I have been looking at HYPHY to try to save the dNdS trees (and the
variance estimates) for each of the bootstrap runs of a bootstrap
analysis.

My ultimate goal would be to have the value of each of the distances
in the dN and dS trees for each of the bootstrap runs,

and,

the variance estimates for the bootstrap at each of those distances.

But after looking at the code in post_variance.bf, post_sns.bf,
post_dNdS.bf, simpleBootstrap.bf I realized that my goal can't be done
without some code reshuffling:

It seems to me that the likelihood parameters, with which the sysSubs
and nsynSubs are calculated:

     synSubs  = (horOnes*(aRateMx$synM))*vertOnes;
     nsynSubs = (horOnes*(aRateMx$nonSynM))*vertOnes;

would be lost after the bootstrap execution. So that the post_sns.bf
calculations should be done just after the bootstrap run, and saved to
a desired file.

I would like to ask for some advice about how all this should be taken
into consideration to add these features in the cleanest possible way,

Bests,

    Albert.
Back to top
 
 
IP Logged
 
Sergei
YaBB Administrator
*****
Offline


Datamonkeys are forever...

Posts: 1658
UCSD
Gender: male
Re: dNdS trees - Bootstrap - Var estimates - UI
Reply #1 - Sep 29th, 2005 at 5:45pm
 
Dear Albert,

There are two steps involved in computing expected syn and non-syn subs for each branch (in the batch language):

1). Based on the genetic code (which is stored in the _Genetic_Code variable when you are using chooseGeneticCode.def to select a genetic code), one needs to compute a stencil for rate matrix elements: which entries correspond to syn (or non-syn) substitutions.

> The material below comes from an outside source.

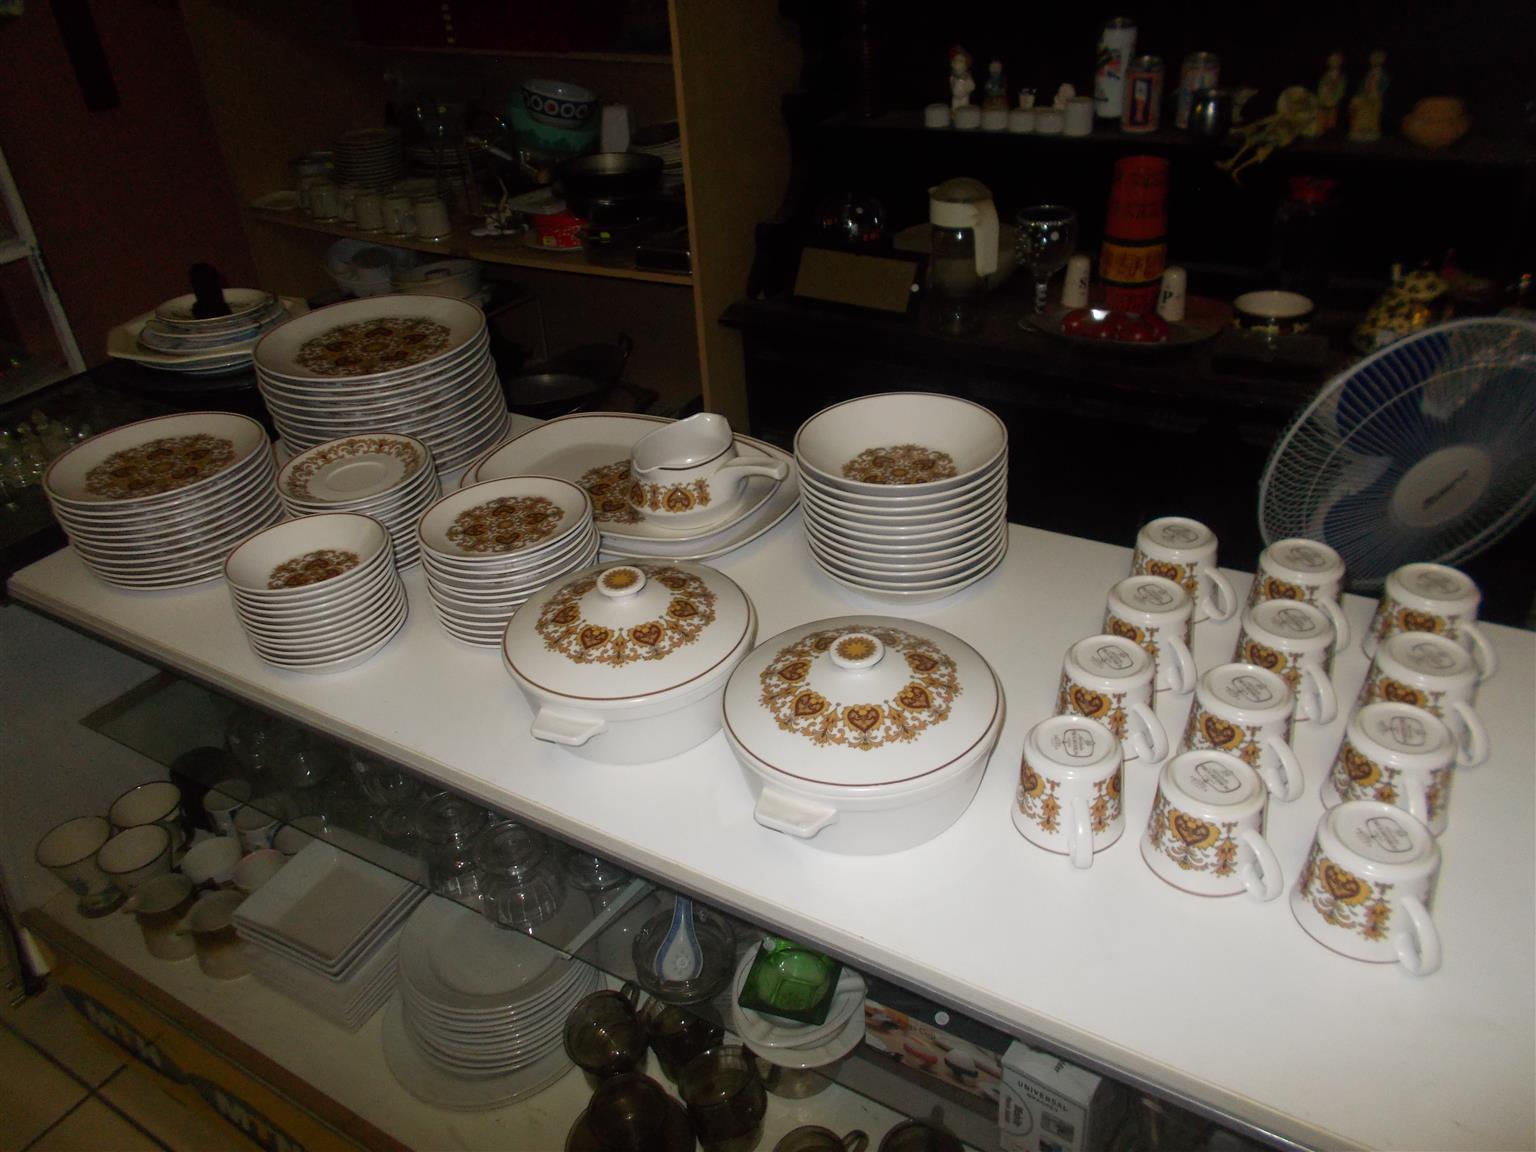 Noritake Dinner Service - 91 Pieces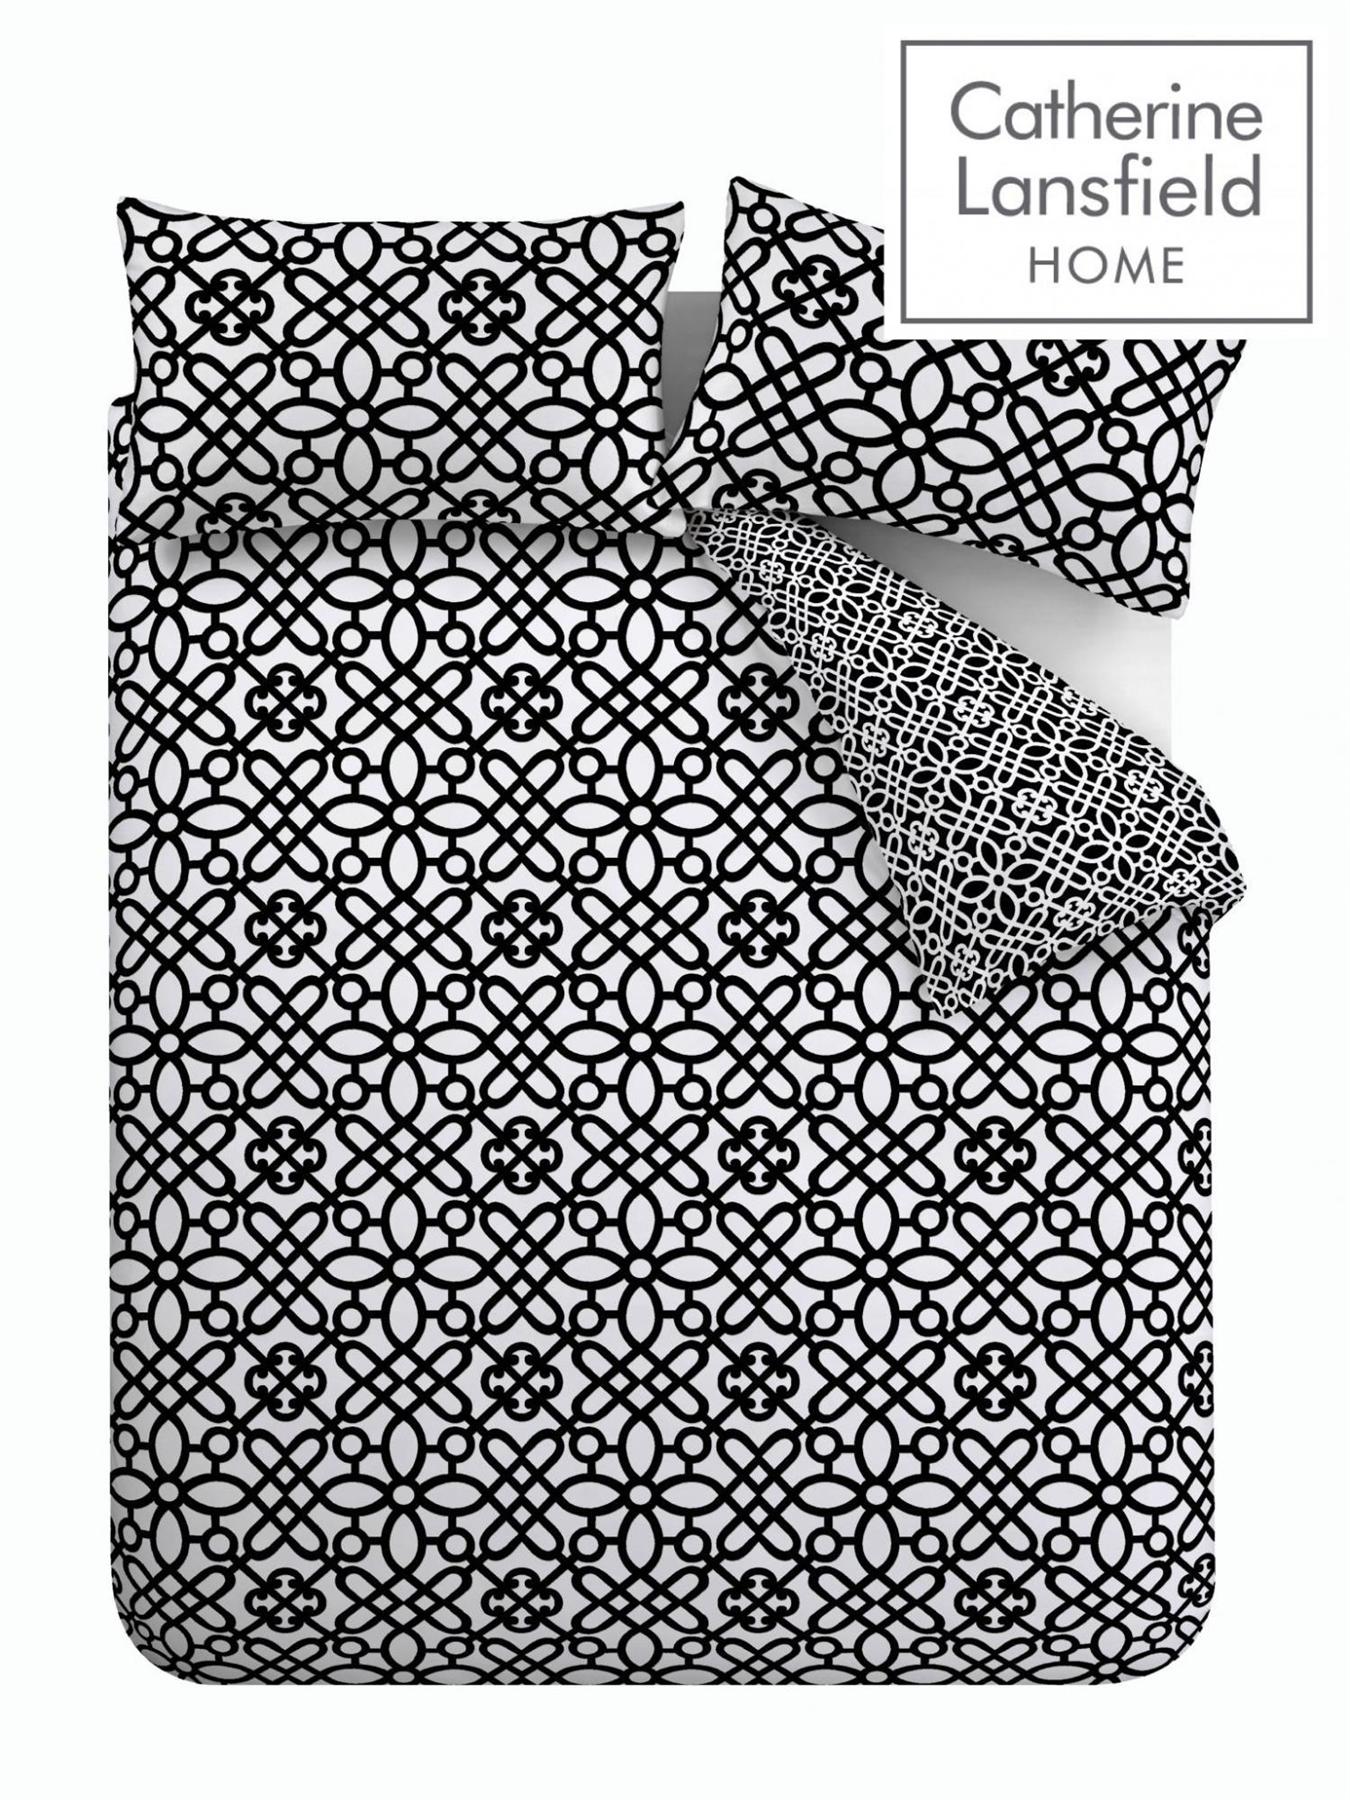 Catherine-Lansfield-Medina-Enrejado-Funda-De-Almohada-Cama-Conjunto-de-Edredon-Negro-Blanco-Casa miniatura 11

You can check whether this variable is defined by checking if Abs(_Genetic_Code ) is positive) This step should only be done once and can be lifted straight out of 'postdNdS.bf':

Code:
/* do once */

branchNames = BranchName (givenTree,-1);
T = Columns (branchNames);

ExecuteCommands(
"GetInformation (aRateMx, givenTree."+branchNames[0]+");");

/* make syn and non-syn template matrices */

nonStopCount = Columns (aRateMx);

vertOnes = {nonStopCount,1};
horOnes  = {1,nonStopCount};

for (h1 = 0; h1<nonStopCount; h1=h1+1)
{
	vertOnes [h1] = 1;
	horOnes  [h1] = 1;
}

/* do for each replicate, here simulatedCodonEFV is the vector of
equilibrium codon frequencies for the iterate which is computed to define the model for a replicate, e.g. in simpleBootstrap.bf */

synM    = {nonStopCount,nonStopCount};
nonSynM = {nonStopCount,nonStopCount};

hShift = 0;
for (h1 = 0; h1 < 64; h1=h1+1)
{
	gc1 = _Genetic_Code[h1];
	if (gc1 == 10)
	{
		hShift = hShift+1;
	}
	else
	{
		vShift = hShift;
		for (v1 = h1+1; v1 < 64; v1=v1+1)
		{
			gc2 = _Genetic_Code[v1];
			if (gc2 == 10)
			{
				vShift = vShift + 1;
			}
			else
			{
				if (gc1 == gc2)
				{
					synM [h1-hShift][v1-vShift] = simulatedCodonEFV[h1-hShift];
					synM [v1-vShift][h1-hShift] = simulatedCodonEFV[v1-vShift];
				}
				else
				{
					nonSynM [h1-hShift][v1-vShift] = simulatedCodonEFV[h1-hShift];
					nonSynM [v1-vShift][h1-hShift] = simulatedCodonEFV[v1-vShift];
				}
			}
		}
	}
}

 



2). For every replicate, after it has been fitted, and assuming the tree used for the replicate likelihood function is 'simulatedTree', compute a pair of associative arrays (indexed by branch name) which will be populated with expected number of syn and non-syn subs (per codon here; divide by 3 if you want it by nucleotide):

Code:
synSubsAVL = {};
nsSubsAVL  = {};

for (h1=0; h1 < T-1; h1=h1+1)
{
	abn = branchNames[h1];
	ExecuteCommands("GetInformation (aRateMx, givenTree."+abn+");");
	synSubs  = (horOnes*(aRateMx$synM))*vertOnes;
	nsynSubs = (horOnes*(aRateMx$nonSynM))*vertOnes;
	synSubsAVL[abn] = synSubs;
	nsSubsAVL [abn] = nsynSubs;
}
 



Then you can do various things with those replicates: write them to file, compute means, etc.

HTH,
Sergei
Back to top
 

Associate Professor
Division of Infectious Diseases
Division of Biomedical Informatics
School of Medicine
University of California San Diego
WWW WWW  
IP Logged
 
avilella
YaBB Newbies
*
Offline


I love YaBB 1G - SP1!

Posts: 35
Re: dNdS trees - Bootstrap - Var estimates - UI
Reply #2 - Oct 18th, 2005 at 12:26pm
 
Dears,

I have been working my way through the source code to try to better
understand it, and get this Var Estimates feature done, to no avail.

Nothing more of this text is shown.